■ **Required work**
Restate the listing below word for word; no picture is to be carried over.

■ **Data excerpt**
=======
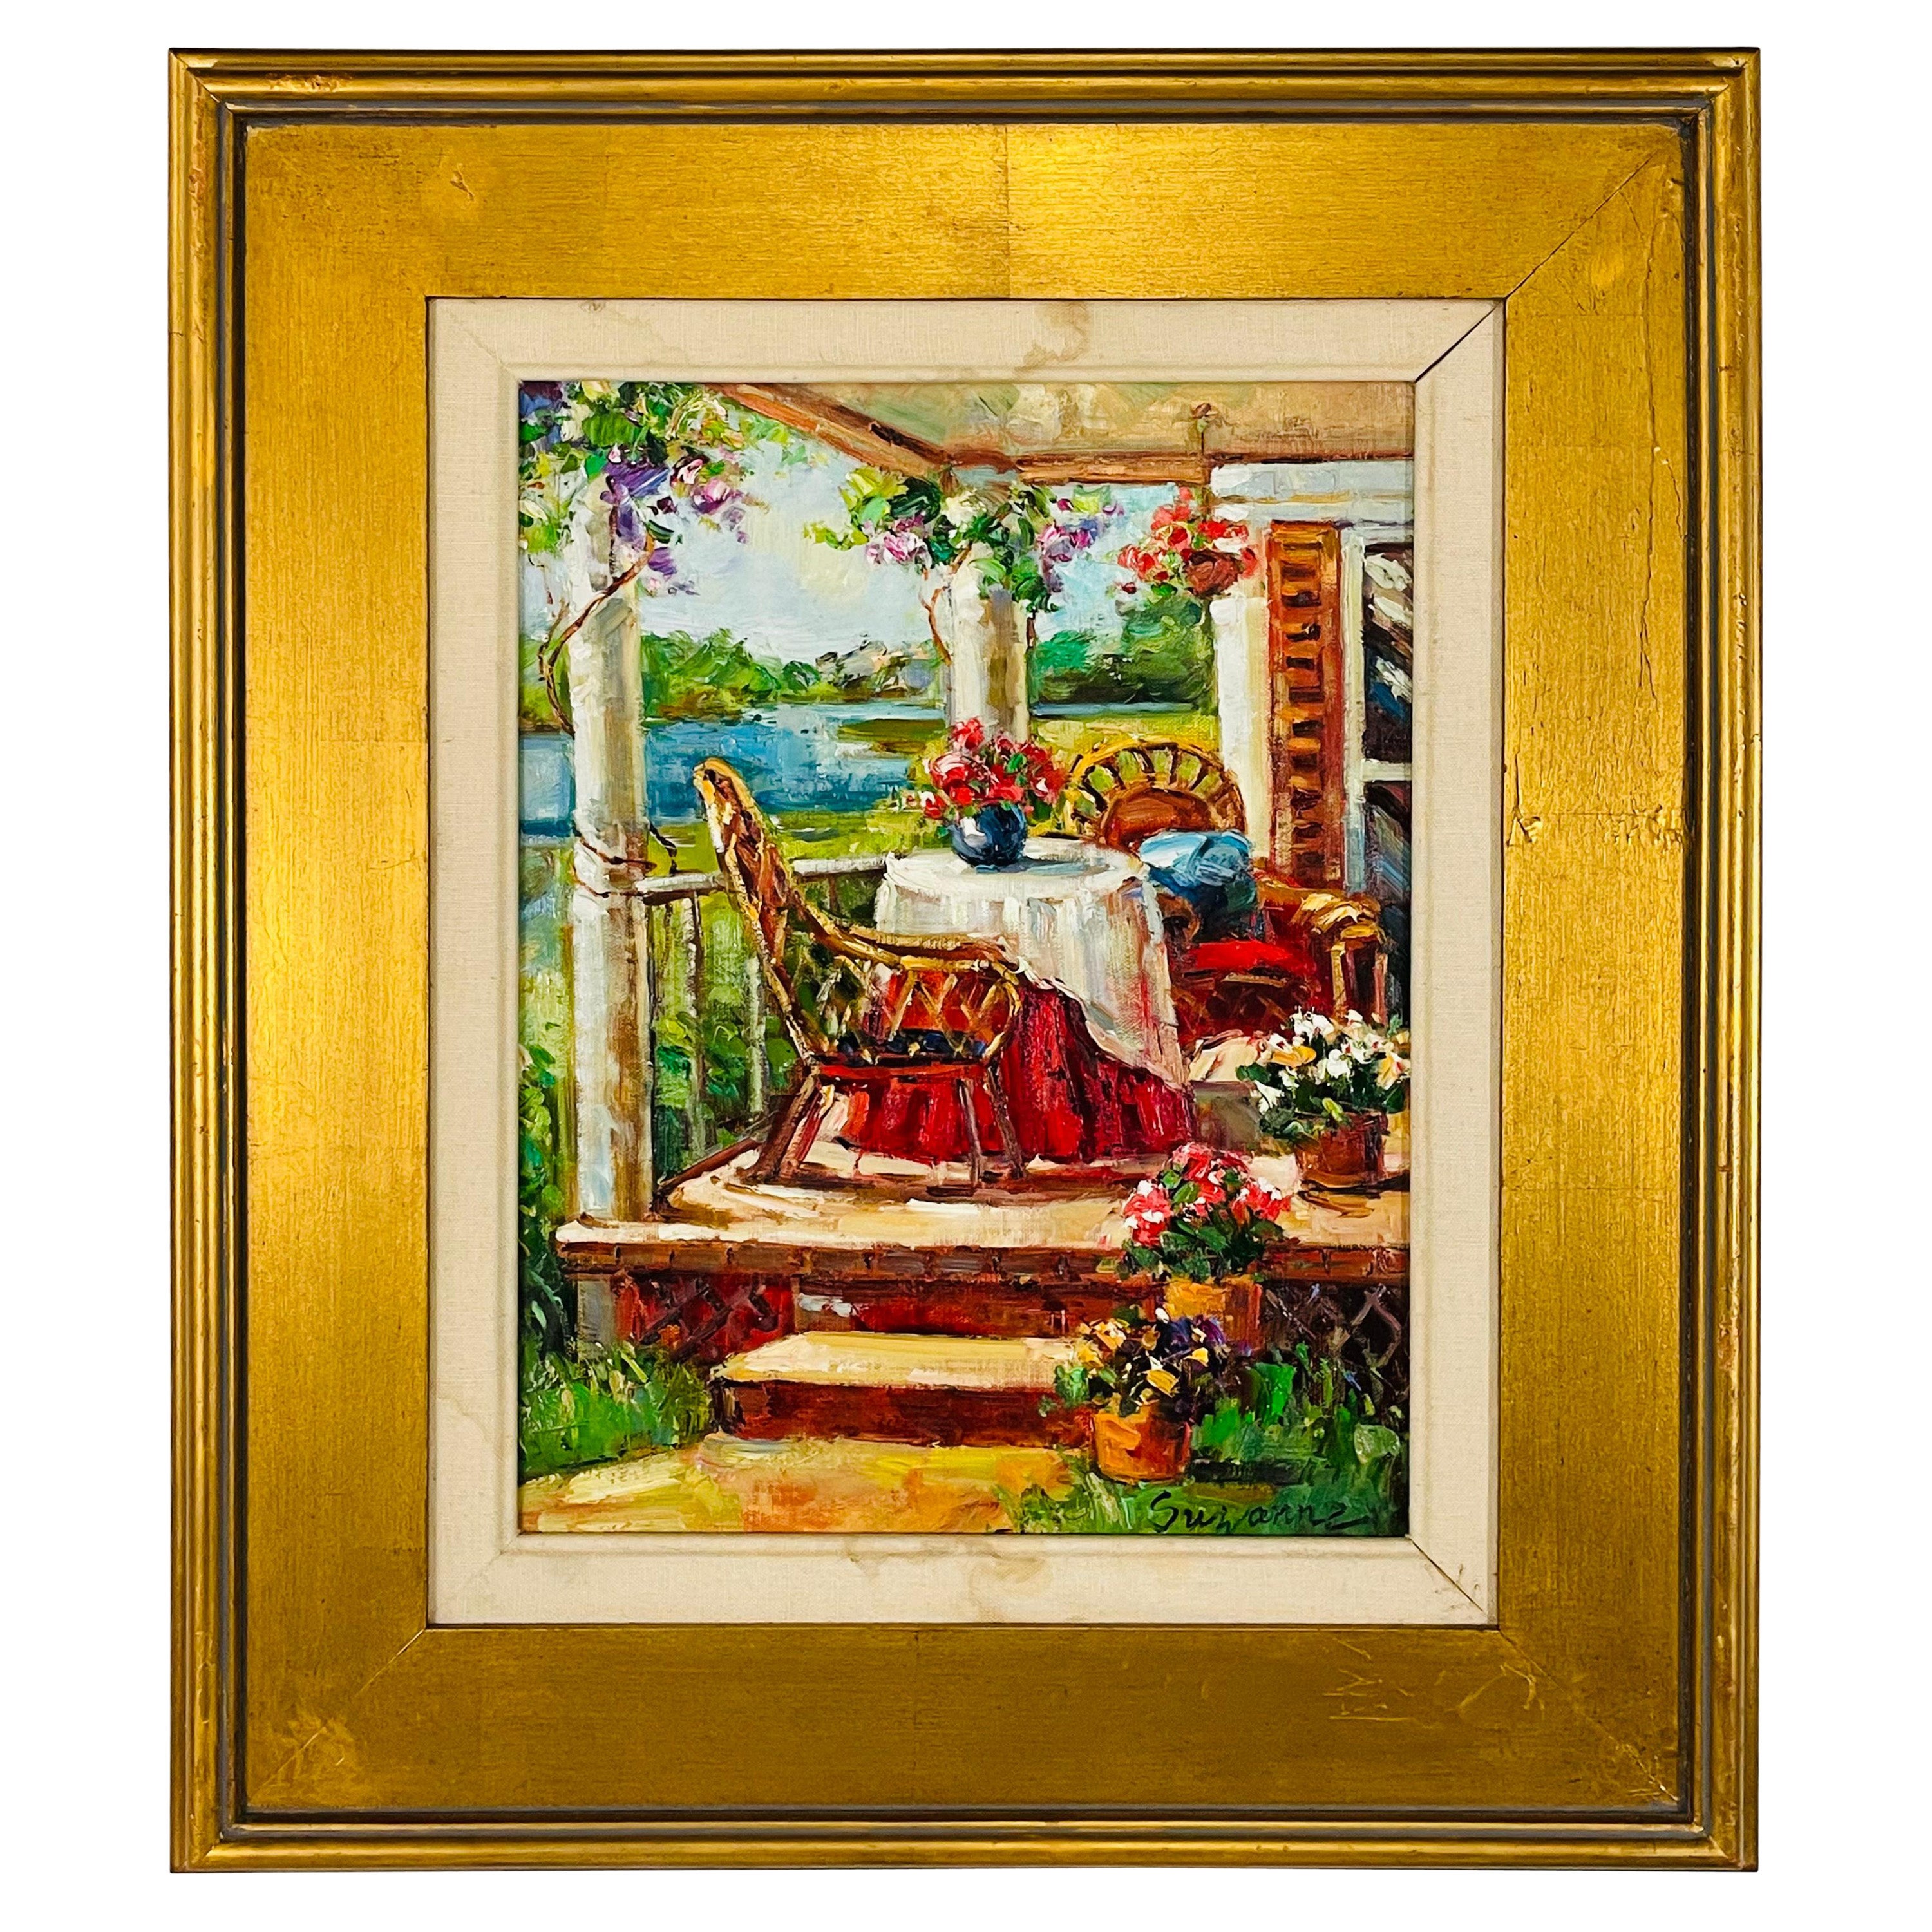 Vintage Oil on Canvas Painting of a Home Porch Signed by Artist in Gilt Frame
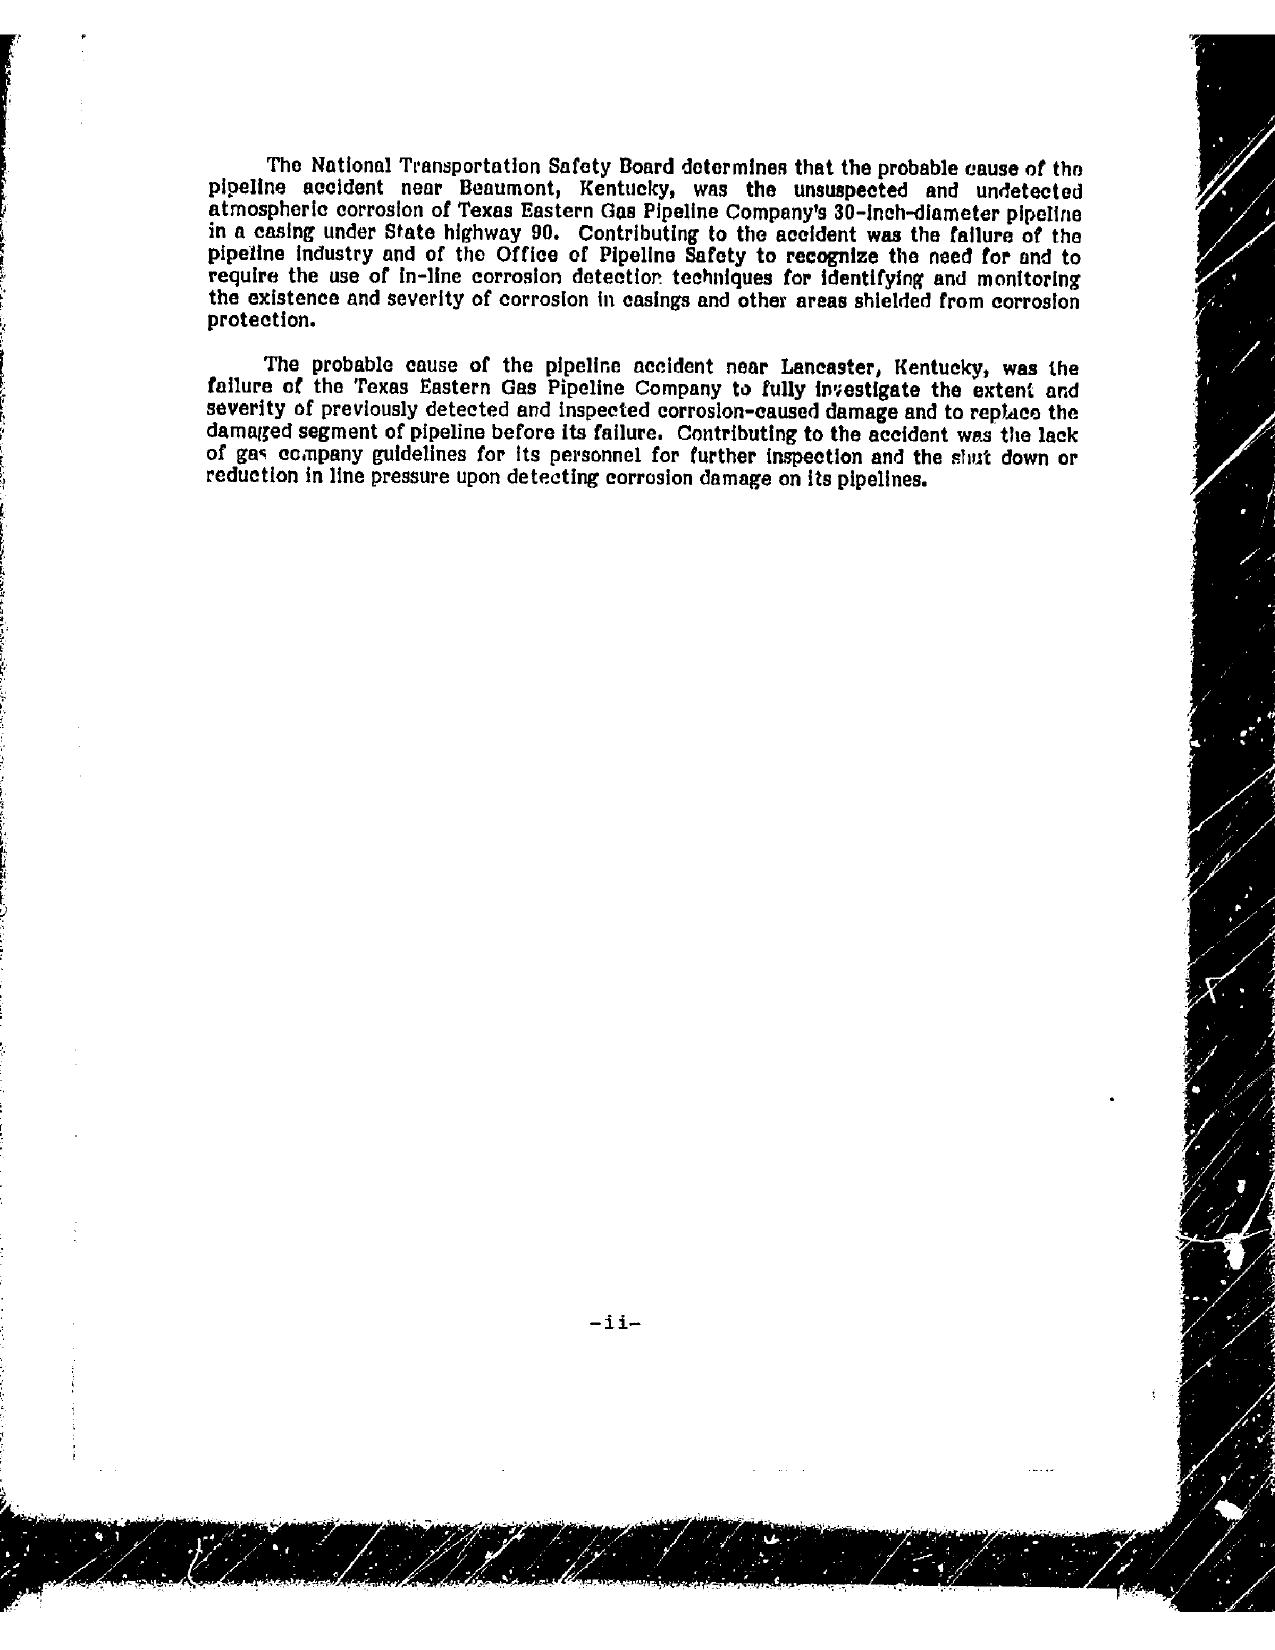 1275x1650 Probable cause, in Texas Eastern Gas Pipeline Company Ruptures and Fires, by John S. Quarterman, for SpectraBusters.org, 18 February 1987
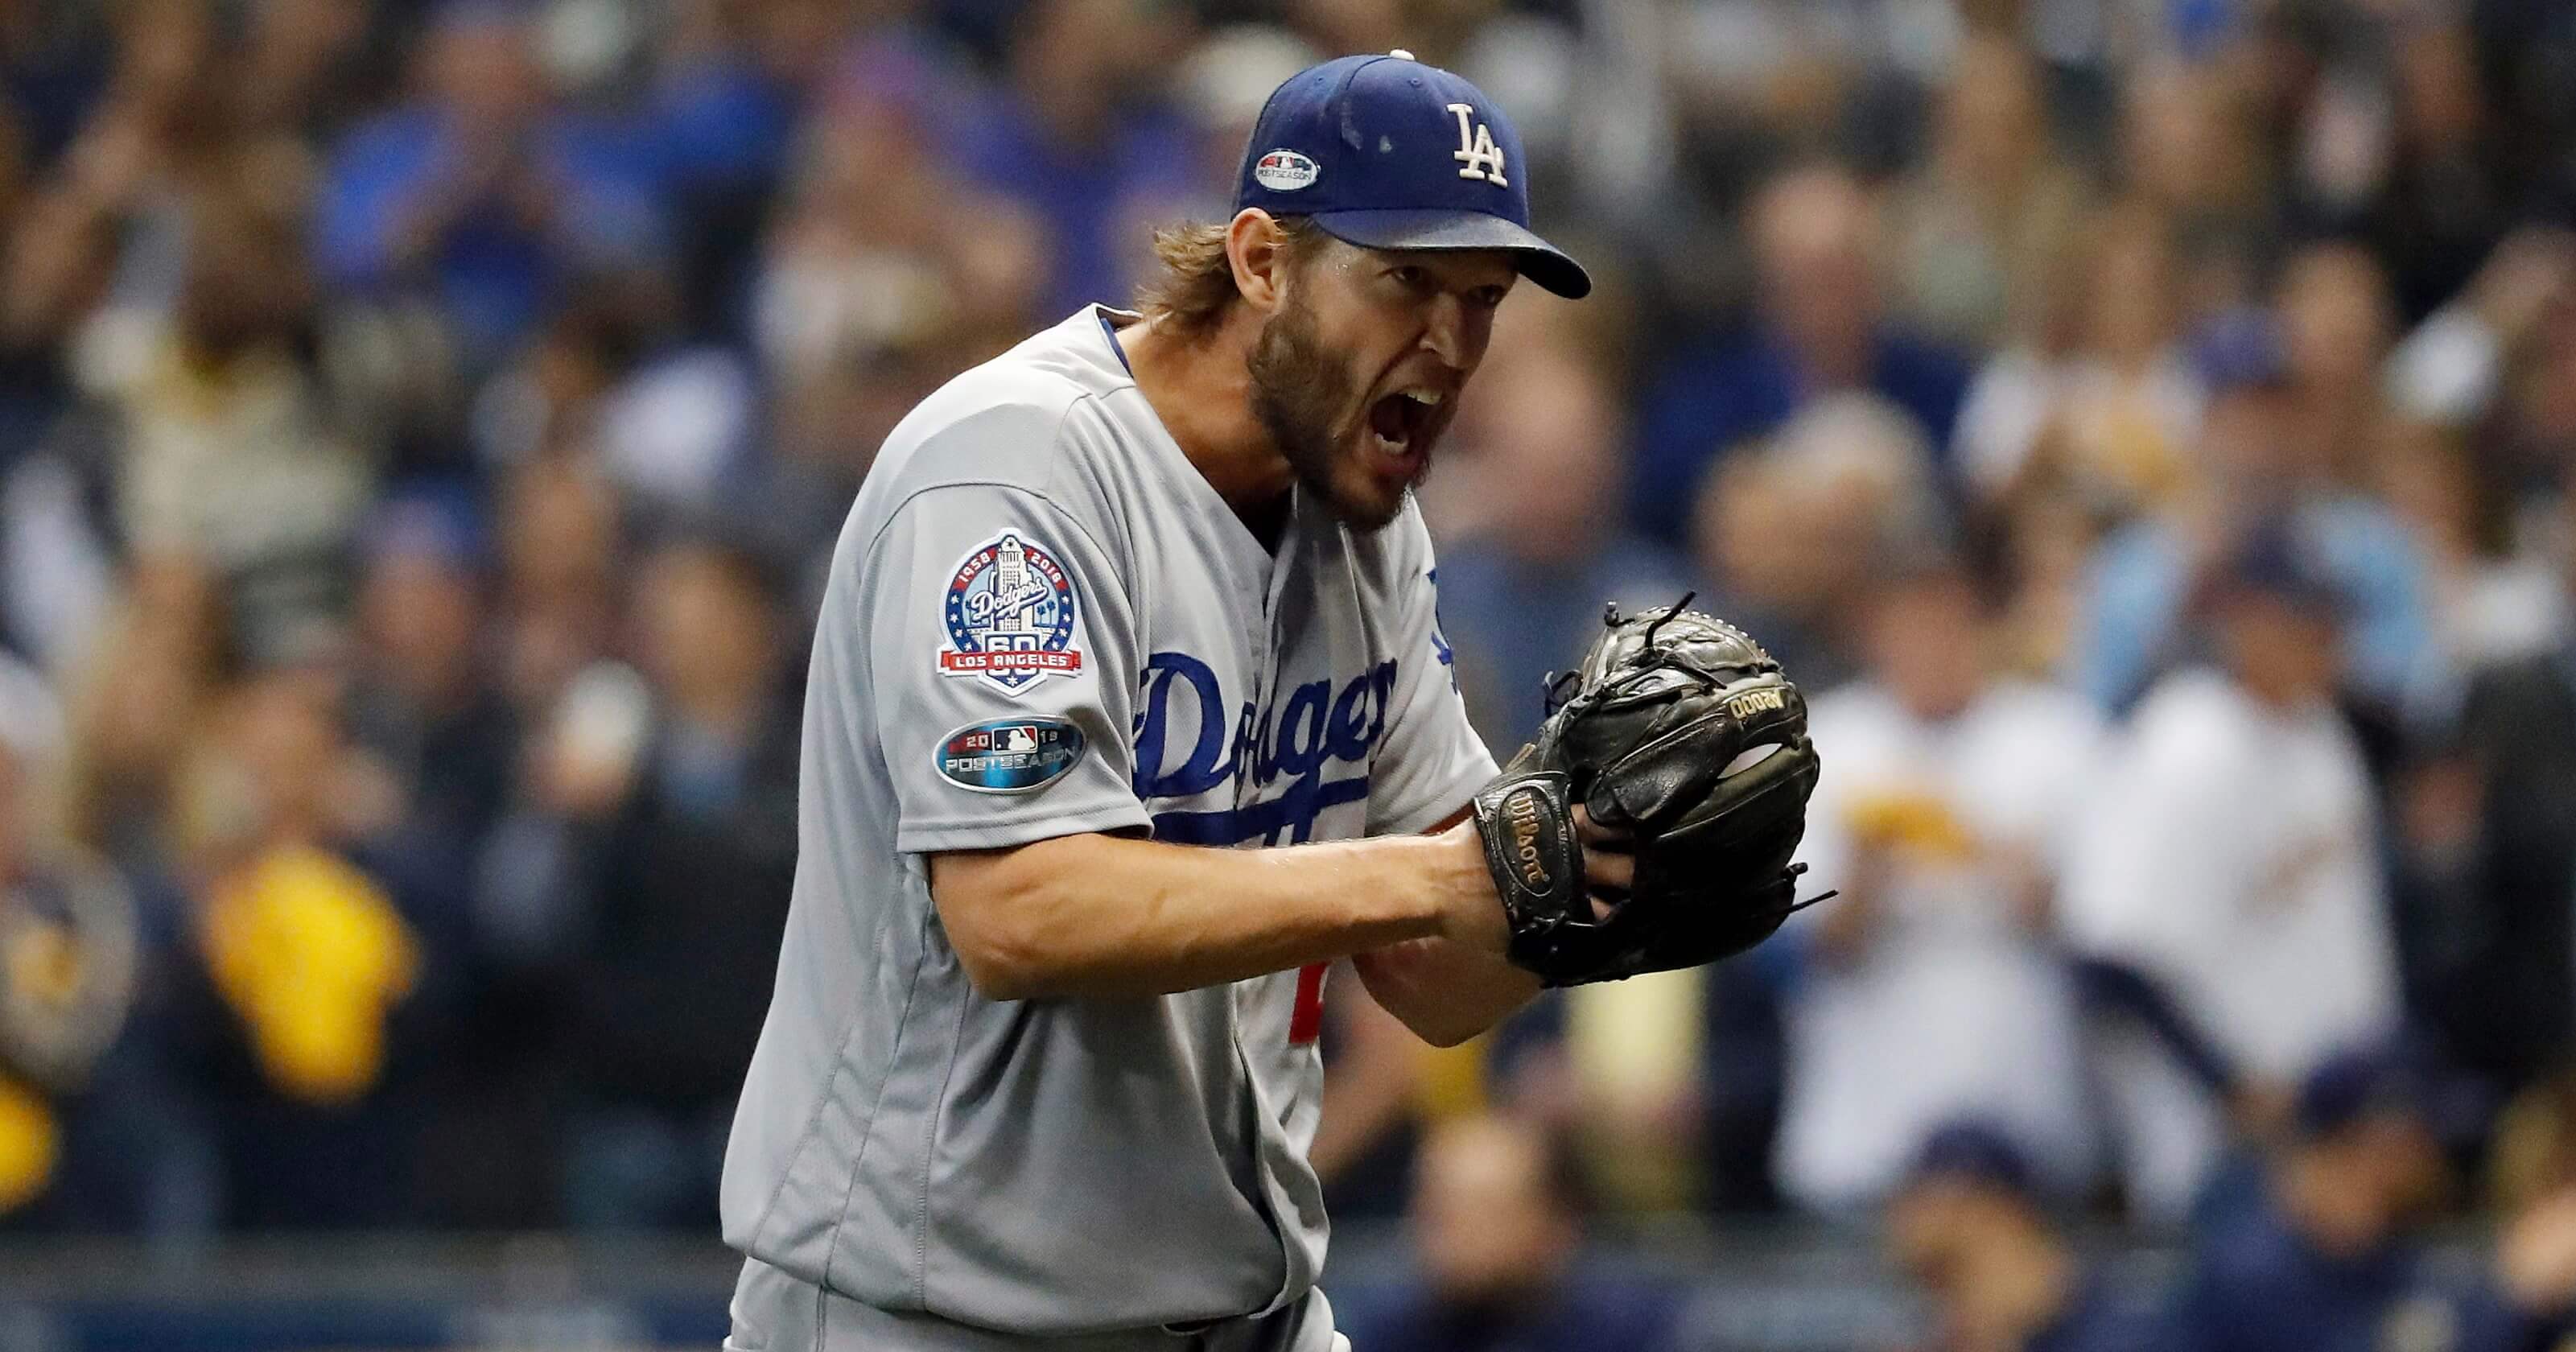 Los Angeles Dodgers starting pitcher Clayton Kershaw yells as he walks off after the third inning of Game 1 of the National League Championship Series game against the Milwaukee Brewers on Friday.
=======
■ **Result of the task**
 Vintage Oil on Canvas Painting of a Home Porch Signed by Artist in Gilt Frame
 1275x1650 Probable cause, in Texas Eastern Gas Pipeline Company Ruptures and Fires, by John S. Quarterman, for SpectraBusters.org, 18 February 1987
 Los Angeles Dodgers starting pitcher Clayton Kershaw yells as he walks off after the third inning of Game 1 of the National League Championship Series game against the Milwaukee Brewers on Friday.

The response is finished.